[Eight months after the war’s end, an African-American Baptist church petitions its white parent church for the right to invite licensed black ministers as public guest speakers.]
Friday Evening, December 22, 1865 [excerpts from the clerk’s minute book]
Brother N. Rickman, being present, presented a petition from the Charlottesville African Church asking for certain purposes, the use of the basement of the Church building.
After much discussion the following resolution, covering part of the ground of the Petition, was adopted—
“That so long as Brother James Fife may be Pastor of the Charlottesville African Church, it is Competent for him, when in his judgement advisable, to invite any Preacher of the Gospel, without regard to Colour, to take such part in the public services as he, the pastor, may think proper.”
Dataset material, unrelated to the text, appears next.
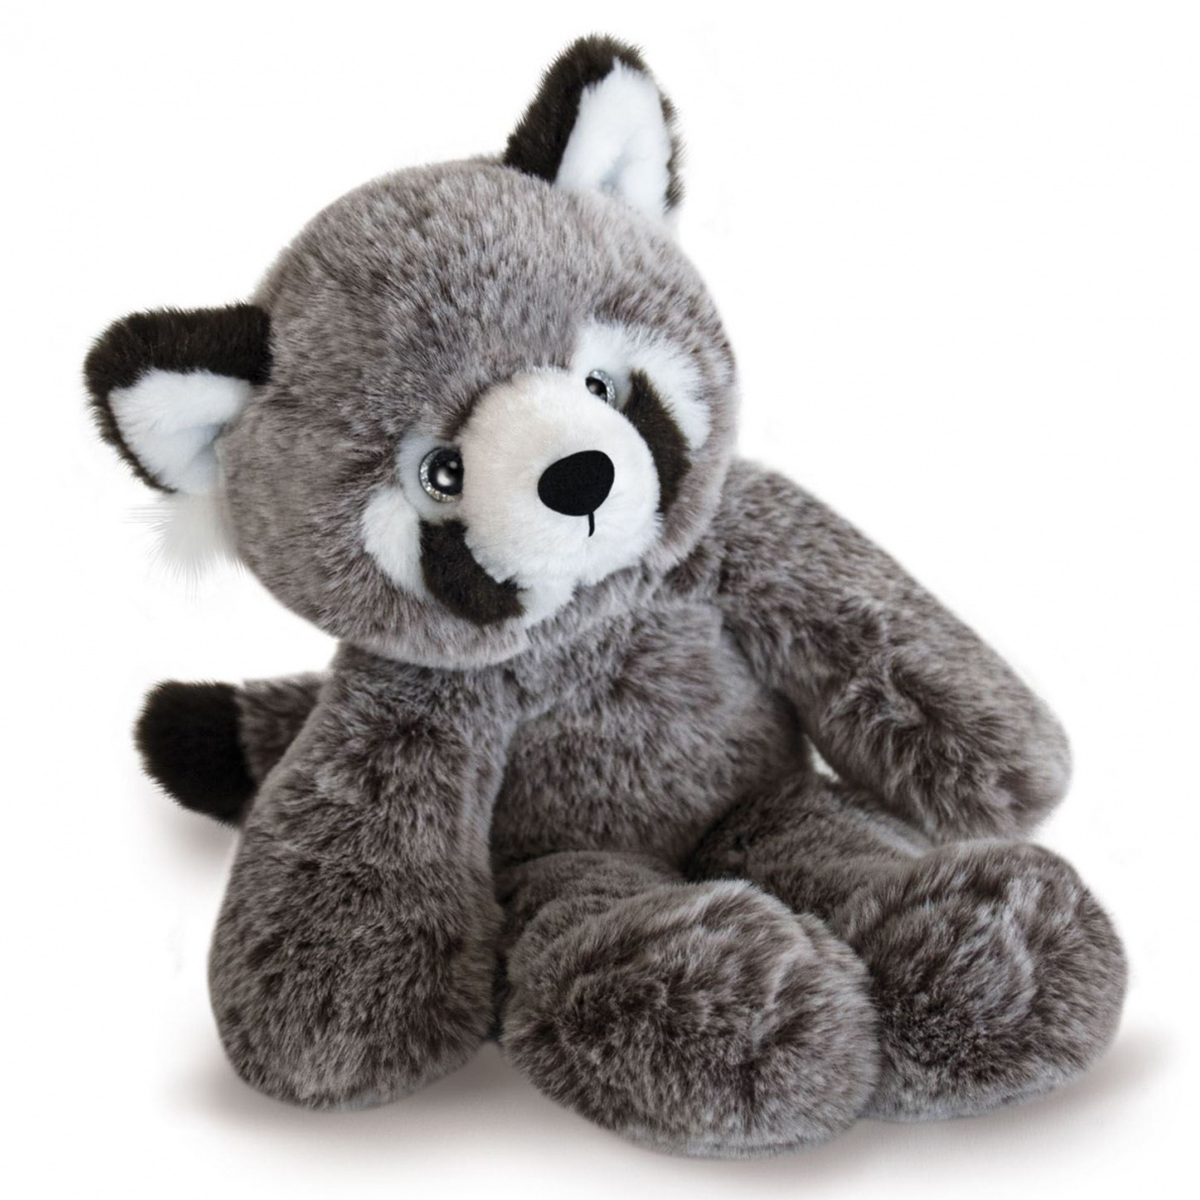 Peluche Peluche Sweety Mousse Panda Roux - Moyen Peluche Panda Roux Sweety Mousse 25 cm

[Editor: Charlottesville Baptist Church (now First Baptist Church, Park Street), founded by the town’s white Baptists in 1831, was also home for the town’s largest antebellum black congregation, mostly slaves owned by local residents and University of Virginia faculty, staff and students; several free blacks were also baptized members. In April 1863 (fifteen weeks after Lincoln’s Emancipation Proclamation), after meeting among themselves, the church’s 800 black members (comprising the majority of the congregation), with the approval of a church committee of white males, petitioned and were granted permission to establish “an independent African Church” that first held services in the parent church’s basement, then later at Delevan Baptist, formerly the site of a Confederate hospital named Delevan).
James H. Fife (1793-1876), whose farm near the University of Virginia included a brick mansion, was one of the African Church’s first three white pastors who oversaw the church until William Gibbons (1826-1886), who later claimed to have been a slave lay preacher during the 1840s, was ordained in 1866 and served as First Baptist’s first black pastor until 1868. Gibbons was a former a slave of both a university student and an anatomy professor during the 1840s-1860s; his wife Isabella Gibbons (1833-1889), an enslaved cook for University faculty families during the same period, became town’s first local black teacher in 1866 at the Charlottesville Freedmen’s primary school, which later became the Jefferson School. After several years of worship at Delevan (which they had purchased in 1868), the black congregation had it torn down, purchased property nearby, and erected a new building (1877-1883) where an African-American congregation continues today as First Baptist Church on Charlottesville’s West Main and Seventh Streets (also known as Delevan Baptist Church and First Colored Baptist Church), one of the city’s largest black congregations; it was added to the National Register of Historic Places in 1982.]